Due to the echo of this level, check the name of the uploaded file through F12 and connect it through a kitchen knife
pass1:
Delete the front onclick to bypass
pass2
Burpsuite grabbing and modifying content type: image / png
pass3
Blacklist bypass, because PHP3 and PHP5 files can be parsed into PHP files Htaccess file
Therefore, you can bypass it by modifying the suffix, and set PHP5 as shown in the figure
pass4
The. Htaccess file can be stored in each folder. If there is no such file in this folder, the one in the root directory shall prevail. If there is, the one in this folder shall prevail. First upload a customized file htaccess
Upload a picture that meets the filtering rules and connect it with a kitchen knife
pass5
1.php . . : the source code shows that the last point is deleted first, and the string after the last point is intercepted to match, so if the matching is empty, it will be bypassed successfully
pass6
Case matching can be bypassed
pass7
The suffix is followed by a space, and the win system will automatically delete the space when receiving it php[ ]
pass8
When the source code prompts to save the file, the last point will be deleted and stored in {1 php.

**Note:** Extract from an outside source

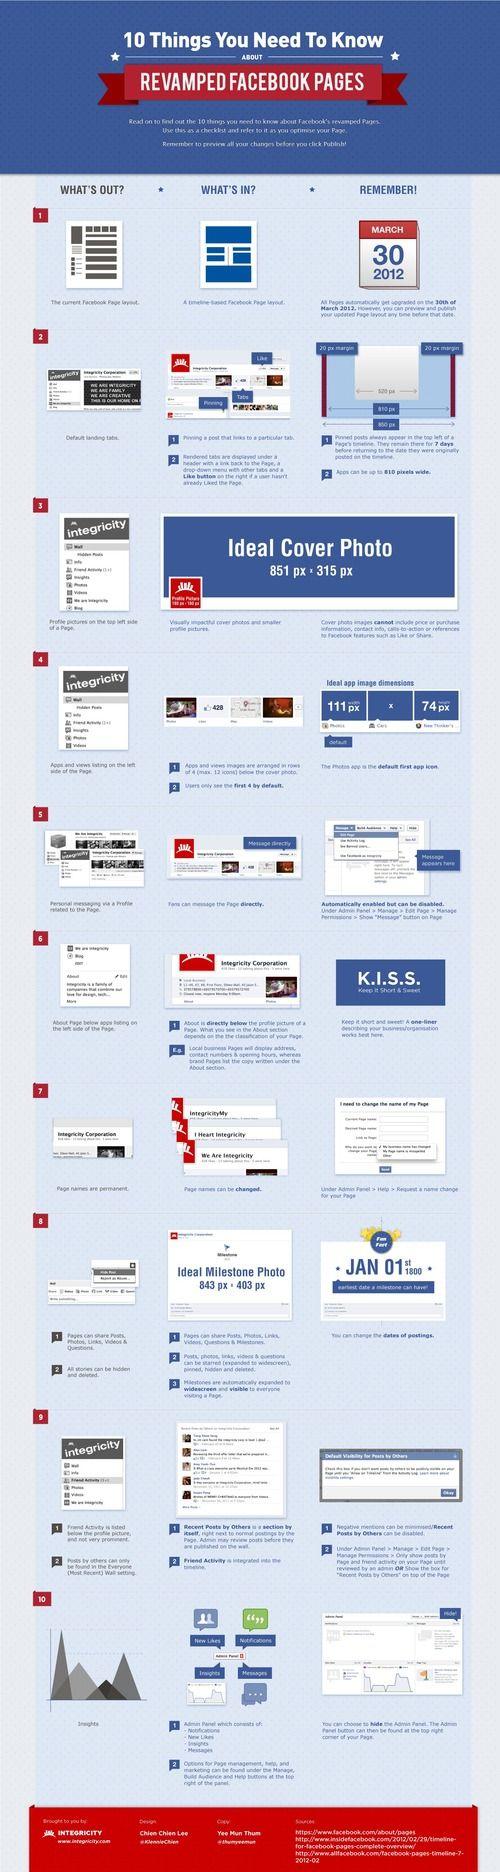 Infographie pour comprendre la timeline de Facebook

Pass9: $data: lowercase is also acceptable
Add the stream file ID directly after the suffix to bypass
pass10
The point blank point method is the same as pass5
pass11
Doubles filtering: 1 Pphphp detection is carried in after deleting PHP in the middle
pass12
PHP version is lower than 5.3, magic quote GPC = off
The get method controls the upload path. Use% 00 to truncate the upload,
The path can also be used to change the file name: 1 php%00
pass13
Modify the path in post to decode the% 00 URL manually
pass14+ pass15+pass16
File contains vulnerabilities:
It can be seen from the code that all the code of the file will be executed
Use hanging horse pictures to bypass
This file contains PHP files in the root directory,
Path: http://ip/upload-labs/include.php?file=upload/ Hanging horse picture
pass16
php. INI file, extension = PHP_ exif. DLL remove the preceding semicolon
pass17
In the face of the situation of secondary rendering, consider the competition of use conditions, that is, operate the file once before the secondary rendering, use burpsuite’s intruder to generate the script of continuous contracting, upload the picture, and regenerate it into a script of continuous access to the picture horse. First start the contracting script, then start the access script, then close the contracting script, and then close the access script, so as to save the picture horse
However, you need to upload and parse the configuration file in combination with file inclusion or other methods to connect the kitchen knife
pass18
The same is to upload the picture horse and retain the picture horse through conditional competition
pass19
Image horse + file contains, or local parsing configuration file vulnerability
pass20
The file name can be controlled. Add space or /. To the suffix of one sentence Trojan file at the data submitted by post
pass21
Array judgment is used in the source code, and array bypass can be considered
If it is an array, it becomes lowercase, and then the file name is divided by decimal point, and the form of array is returned
Then use to check whether the last element of the array is a legal suffix (there is forgery)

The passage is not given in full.